*Required action:* Once you find the line with "PANTONE 7565 C - Colorxs Quatern Palette" in the entries below, return exactly every line from it through the line with "Speyer, Germania. Il".

*Dataset content:*
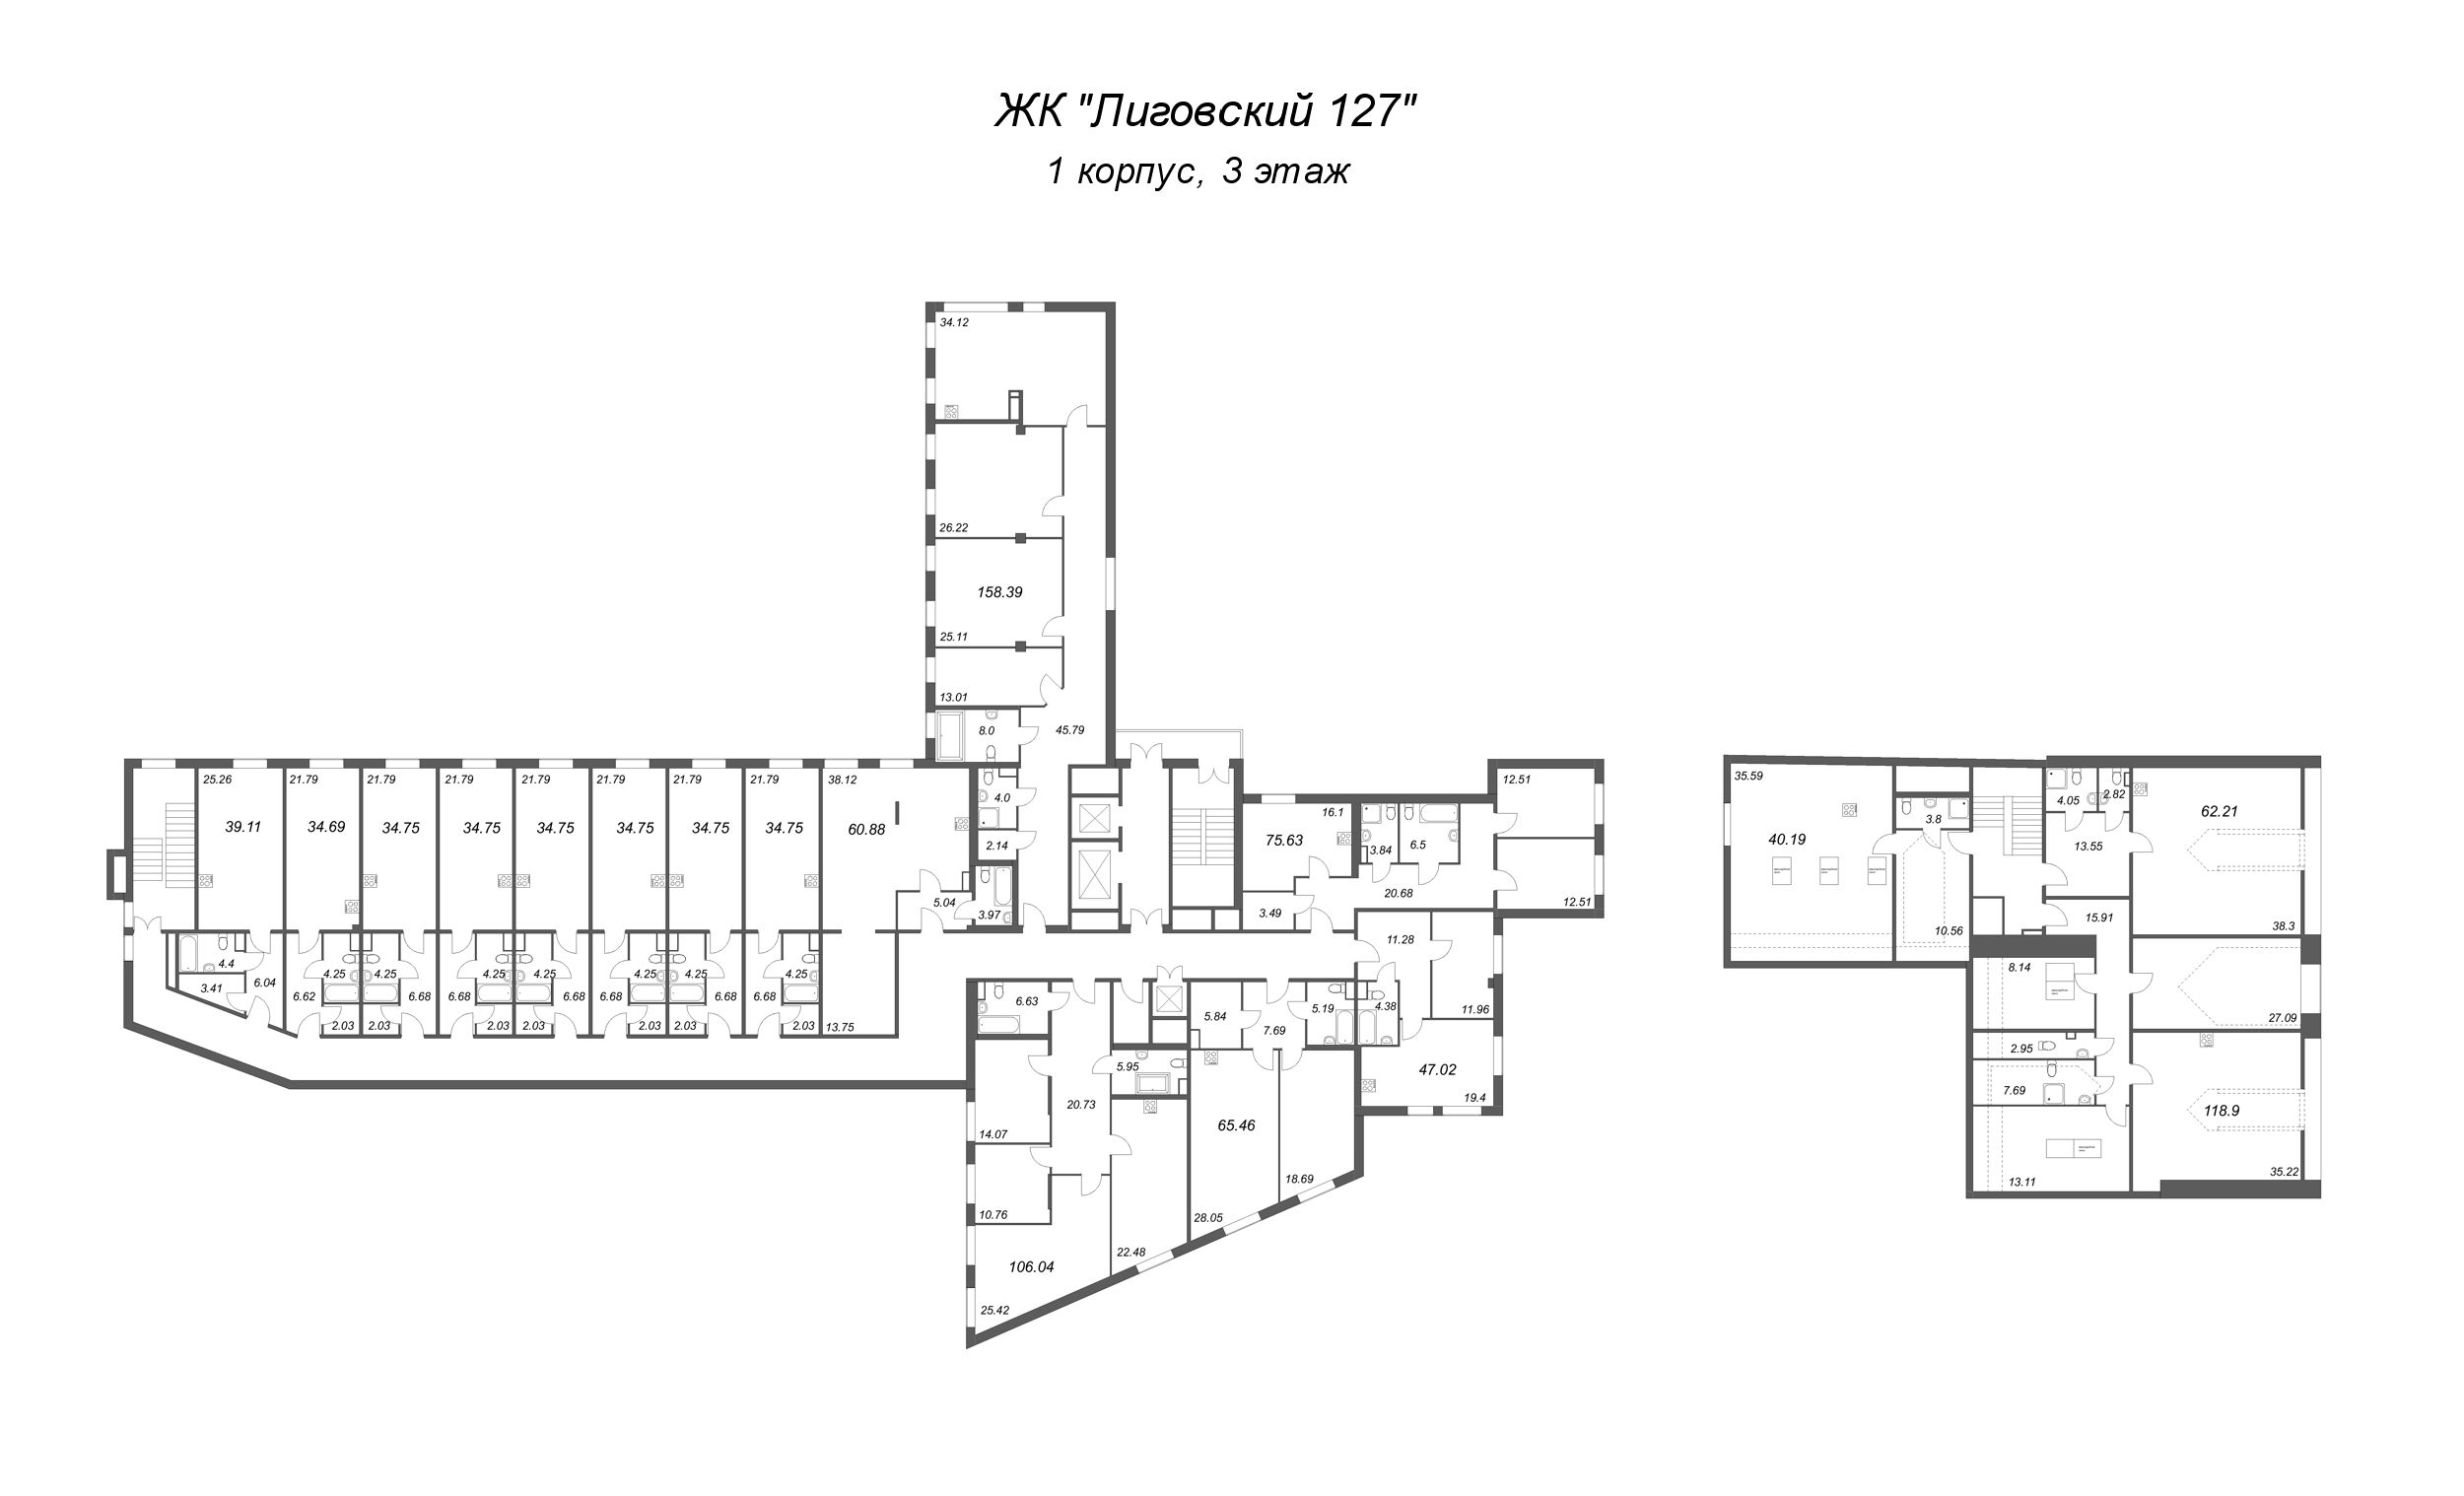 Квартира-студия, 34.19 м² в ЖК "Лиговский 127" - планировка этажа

---

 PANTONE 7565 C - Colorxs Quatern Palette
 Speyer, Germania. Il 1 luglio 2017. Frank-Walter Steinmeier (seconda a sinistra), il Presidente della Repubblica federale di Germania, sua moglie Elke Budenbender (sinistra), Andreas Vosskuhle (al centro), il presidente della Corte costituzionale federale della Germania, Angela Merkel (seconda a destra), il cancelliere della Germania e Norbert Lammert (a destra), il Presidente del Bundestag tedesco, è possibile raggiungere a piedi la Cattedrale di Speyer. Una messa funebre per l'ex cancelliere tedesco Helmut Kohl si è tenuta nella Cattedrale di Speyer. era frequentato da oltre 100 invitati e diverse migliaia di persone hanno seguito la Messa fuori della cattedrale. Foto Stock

*Answer for this exercise:*
 PANTONE 7565 C - Colorxs Quatern Palette
 Speyer, Germania. Il 1 luglio 2017. Frank-Walter Steinmeier (seconda a sinistra), il Presidente della Repubblica federale di Germania, sua moglie Elke Budenbender (sinistra), Andreas Vosskuhle (al centro), il presidente della Corte costituzionale federale della Germania, Angela Merkel (seconda a destra), il cancelliere della Germania e Norbert Lammert (a destra), il Presidente del Bundestag tedesco, è possibile raggiungere a piedi la Cattedrale di Speyer. Una messa funebre per l'ex cancelliere tedesco Helmut Kohl si è tenuta nella Cattedrale di Speyer. era frequentato da oltre 100 invitati e diverse migliaia di persone hanno seguito la Messa fuori della cattedrale. Foto Stock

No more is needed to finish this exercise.